Chifeng University (赤峰学院) is a public university formed by the combination of Chifeng Normal College of Nationalities and other four academies. It was approved by the Ministry of Education of the People's Republic of China in 2003. It is in the city of Chifeng, the birthplace of the Hong Shan cultures. (The city has scenic spots and is a tourist destination.) The university has 24 colleges or departments

Schools and departments 

 Medical College (M.B.B.S/B.D.S recognized by IMED)
 Mongolian Literature and History Institute
 College of Liberal Arts
 College of Foreign Languages
 University Ministry of Foreign Language Teaching
 Academy of Music
 Academy of Fine Arts
 Politics and Law Institute
 Economics and Management
 History and Culture
 School of Education Science
 Institute of Physical Education
 School of Mathematics and Statistics
 Resources and Environmental Sciences
 Physics and Electronics and Information Engineering
 Computer and Information Engineering
 Chemistry and Chemical Engineering
 School of Life Sciences
 Elementary Education
 College of Architecture and Mechanical Engineering
 Department of Social Sciences
 College of Adult Education

Chifeng University Medical College 
The Zhaowuda Union Health School founded in 1958 is the predecessor of the Chifeng University Medical College (CUMC).
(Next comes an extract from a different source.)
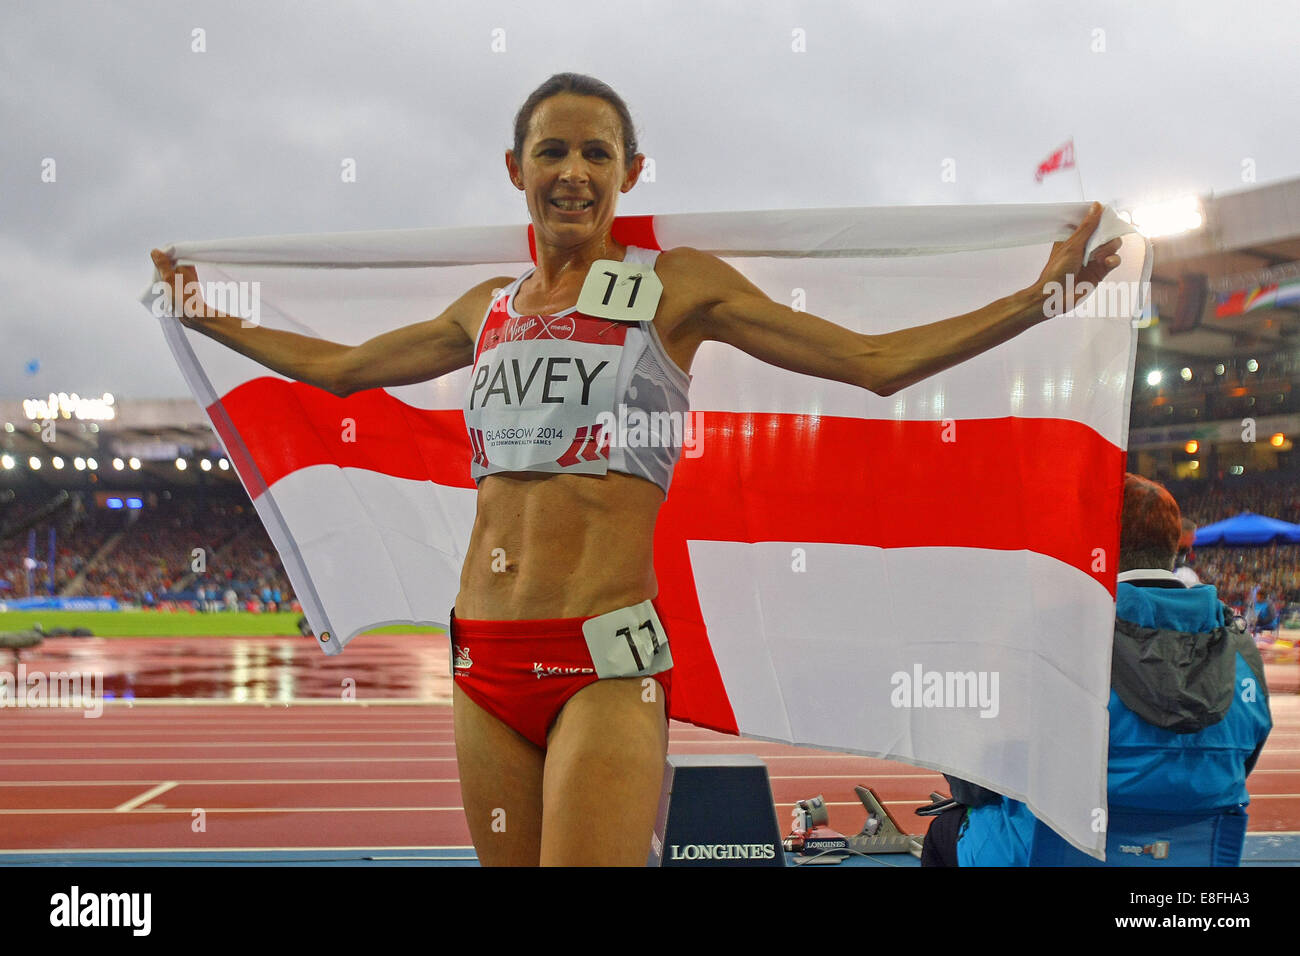 Jo Pavey (ENG)-Bronze-Medaille feiert mit der Flagge-Frauen 5000 m Finale. Leichtathletik - Hampden Park - Glasgow - UK - 08.02.2014 Stockfoto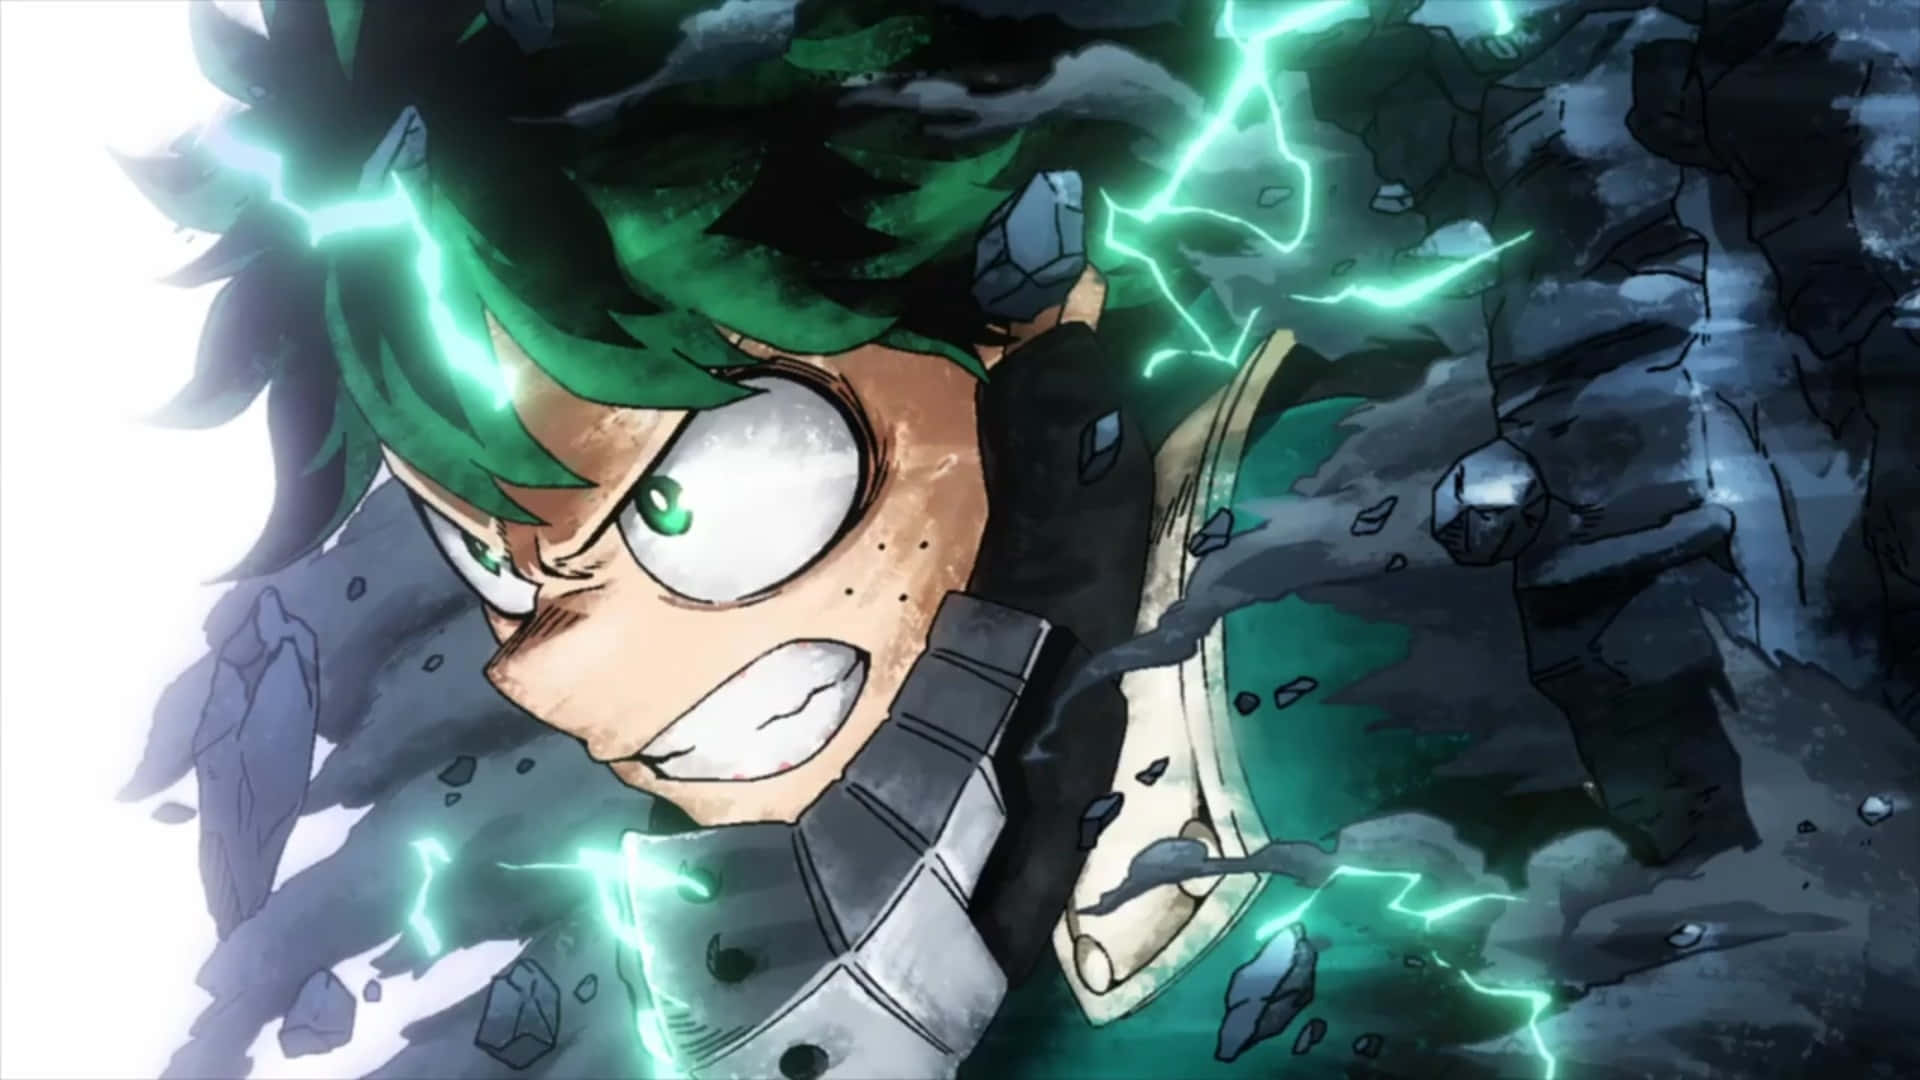 Unpersonaje De Anime Verde Con Rayos Saliendo De Su Cabeza

In July 1962 it changed its name to Inner Mongolia Chifeng Health Schools. In 1966 the school moved to new premises. After half a century of development and training thousands of graduates in April 2003 the school merged with Chifeng University and become CUMC.

The medical college has 1793 undergraduate and junior college students. It has 642 professional and technical people, 139 full-time teachers including 104 undergraduate degree, 17 master's degree, 1 doctor, and 2 PhD, and 9 part-time professors.

Departments 

 Department of Basic and Clinical Medicine (M.B.B.S)
 Department of Oral Medicine (B.D.S)
 Department of Medicine
 Department of Nursing
 Department of Traditional Chinese Medicine

M.B.B.S

Bachelor of Medicine Bachelor of Surgery
 Duration: 5 Years (4 Years Study + 1 Year Internship)
 Course: Human Anatomy, histology, embryology, biochemistry, physiology, pathology, pharmacology, diagnostics, preventive medicine,
internal medicine, surgery, obstetrics and gynecology, pediatrics, medical psychology, medical ethics

B.D.S

Bachelor of Dental Surgery
 Duration: 5 Years (4 Years Study + 1 Year Internship)
 Courses: Anatomy, physiology, biochemistry, pathology, medical microbiology, diagnostics, internal medicine, surgery, oral anatomy
and physiology, oral tissue pathology, oral medicine (dental endodontics, dental diseases), Oral and Maxillofacial Surgery, Prosthodontics, Orthodontics

Affiliated hospitals
Chifeng University Medical College has 2 affiliated hospitals, 8 teaching hospitals and 3 pharmaceutical companies as a teaching and practice base, fully able to meet the professional, clinical teaching at all levels of students and trainees, practice requirements.

First Affiliated Hospital

First Affiliated Hospital is a III B hospital, established in 1980, having 1000 beds with first class facilities of cardiac surgery, brain surgery, the general surgery, orthopedics and other difficult surgery in the autonomous region.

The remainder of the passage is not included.